Does editing your work make you anxious?


Writer, Blogger, Kate Bush Fanatic

10 thoughts on “Of Editing

  1. I enjoy the editing and look on it as part of the writing. It’s during the editing that things take shape. Sometimes it’s during the editing that I find out what the thing is about. Before I start editing I normally think the piece is crap, by the time I’m done editing I’m convinced. 🙂

    1. I know some people who have similar feelings as well. So, I suppose it is possible. Me, I’d do anything, like tidying up my book shelves or going to the grocery store than come back and see how I can “fix” things!

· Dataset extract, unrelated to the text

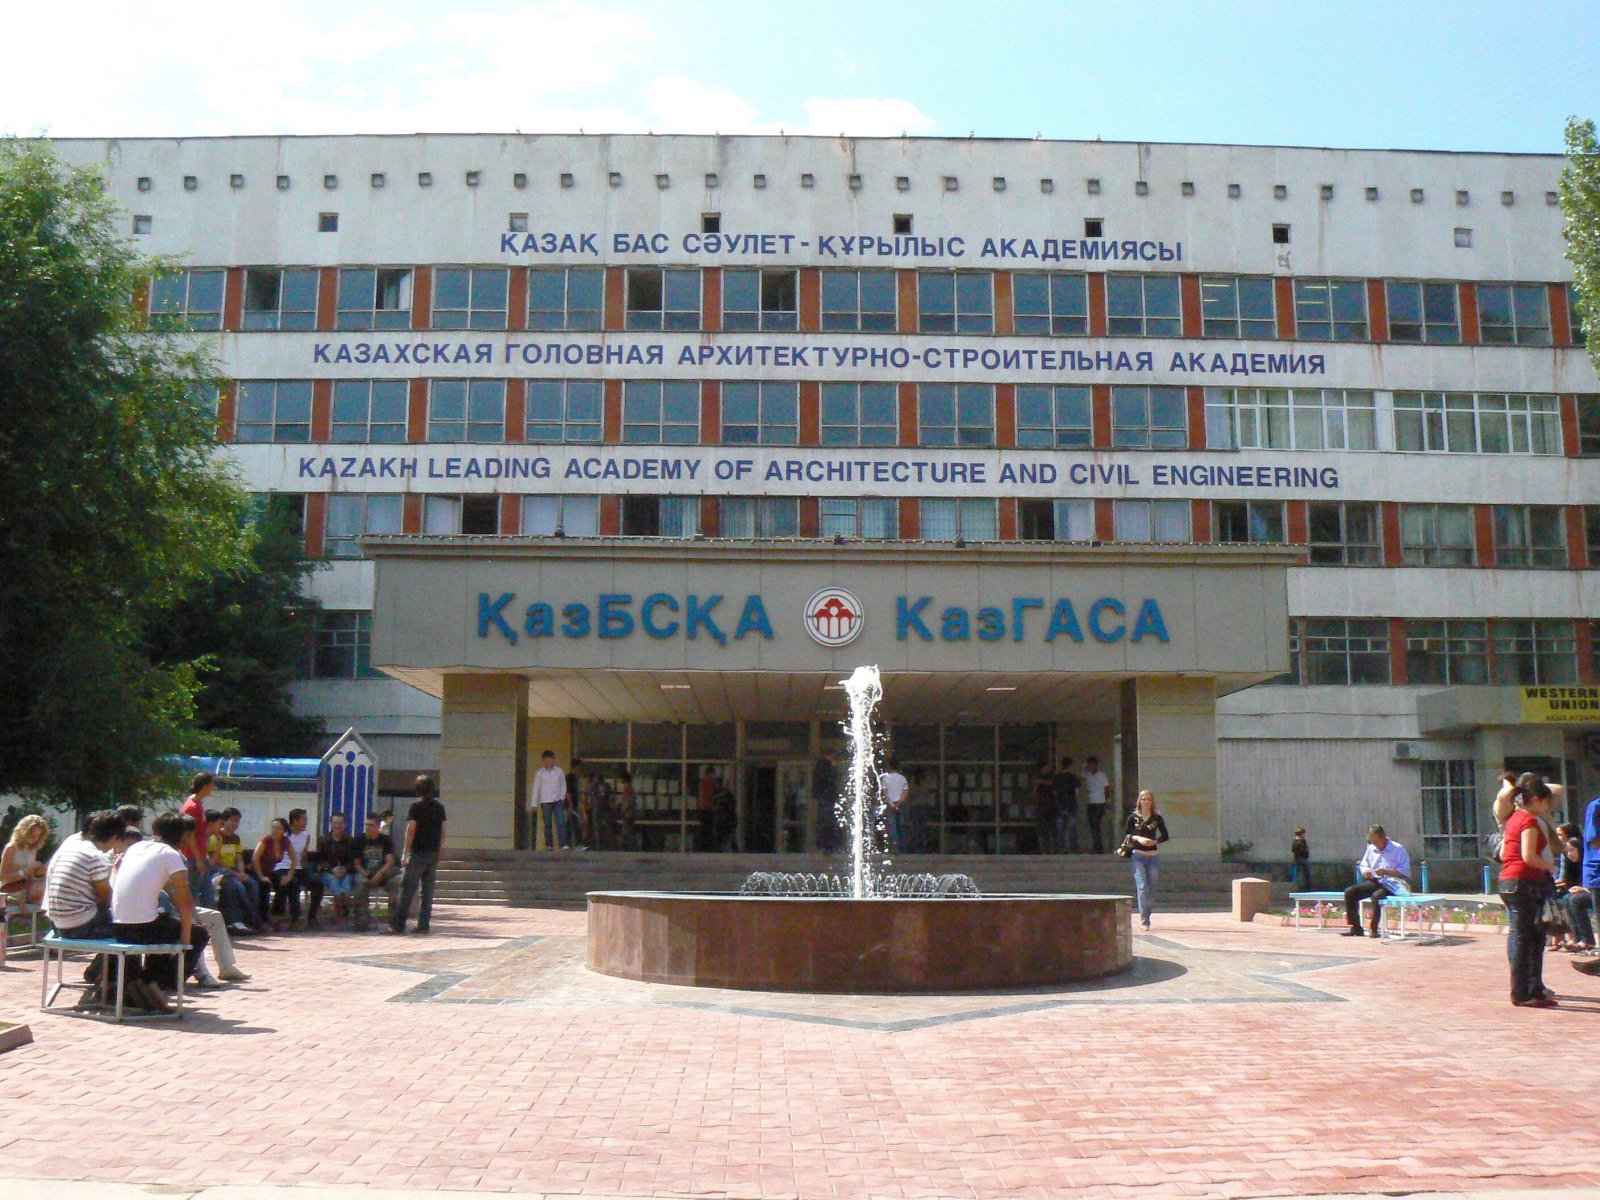 Колледж при КазГАСА - Казахский головной архитектурно-строительной академии

      1. Try dividing the editing into several different steps. Here is what I do. After I transpose the handwritten piece to the computer, I read it through; read it backwards; read it aloud; proof a hard copy. I let some time go by between all of these steps. I usually go through this process at least two times. I normally work on several things at once, so I keep a log book that shows me where each piece is at in the process. Right now I have 17 articles somewhere in this process. Anyway, that’s how I do it.

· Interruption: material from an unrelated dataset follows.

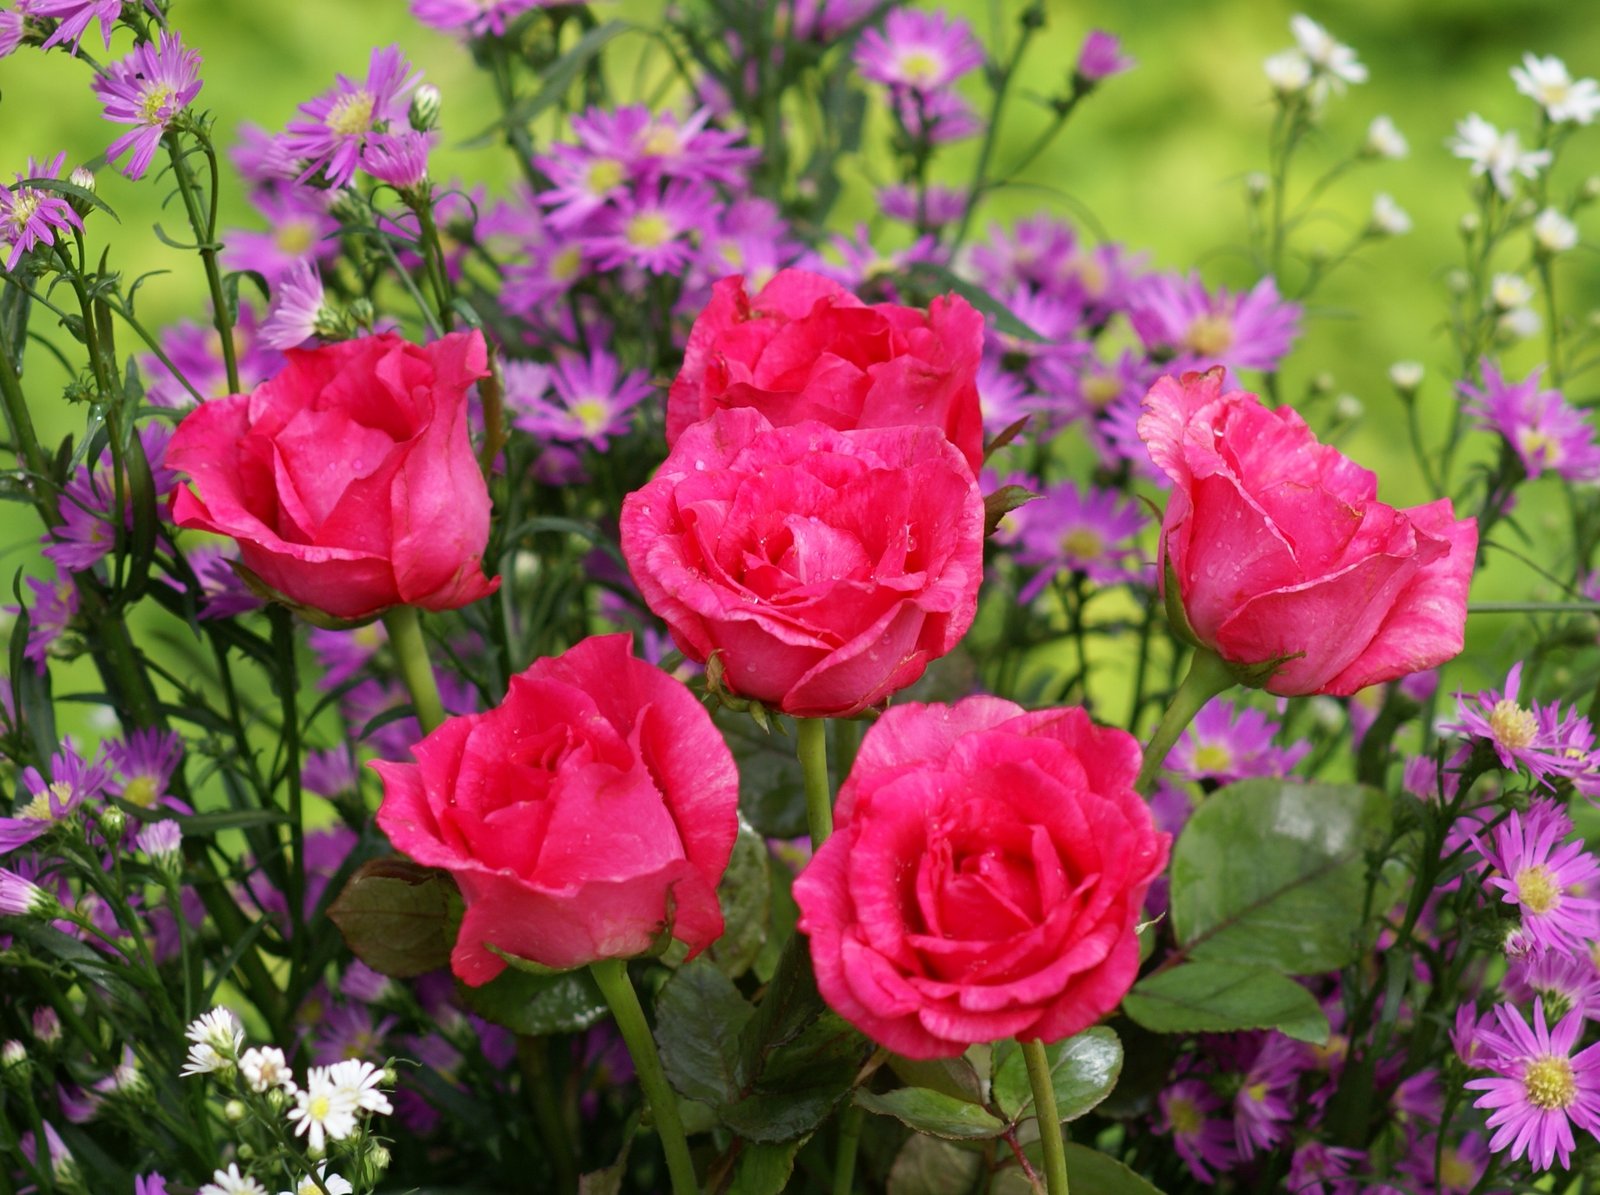 schönsten rosentapeten,blume,blühende pflanze,gartenrosen,blütenblatt,pflanze

      2. Thank you so much for the tips! This is the first piece I wrote for my blog that I actually wrote longhand first. Which is why I managed to get it under 500 words, something I want to, but am never able to do!

      3. It’s very hard to get people to read more than 1200 words on a blog. The most dramatic rewrite is that first one going from paper to the computer.

  2. I have no problem with the editing process. I often get off topic and ramble so going back and getting a piece back on track helps me feel better about posting it. My worry is that I am not editing well enough. I don’t know a lot about things like grammar and “passive voice” and when to use a comma and when not to. I edit the best I can but just like I want to be a better writer, I want to be a better editor too.

    1. I know what you feel Lisa. I know it will sound like I should practise what I preach, but good old ‘Strunk and White’ is really good for that kind of thing. Sometimes I think I am a lazy oaf for not looking it up often enough. Sometimes, I think I’m just scared of the grammar police if I happen to get something wrong. So, I conclude, its just more emotional than practical for me.

      My theory with passive voice and modern english’s complete distaste for it is that people do not have the patience to read all that is offered to them. Literature, even a century ago, has the passive voice everywhere. And though we’re asked to read that literature, we are to shun incorporating that style. I, honestly, don’t care about sticking to the active voice unless the editor actually asks me to.

  3. I don’t like to edit my own work, but I love to edit the work of others! Red pens were always my favorite in school. Sometimes it gets tedious… Once I offered to edit a dissertation and found that apparently one can write 300 plus pages about racism against Native Americans in late 19th early 20th century football!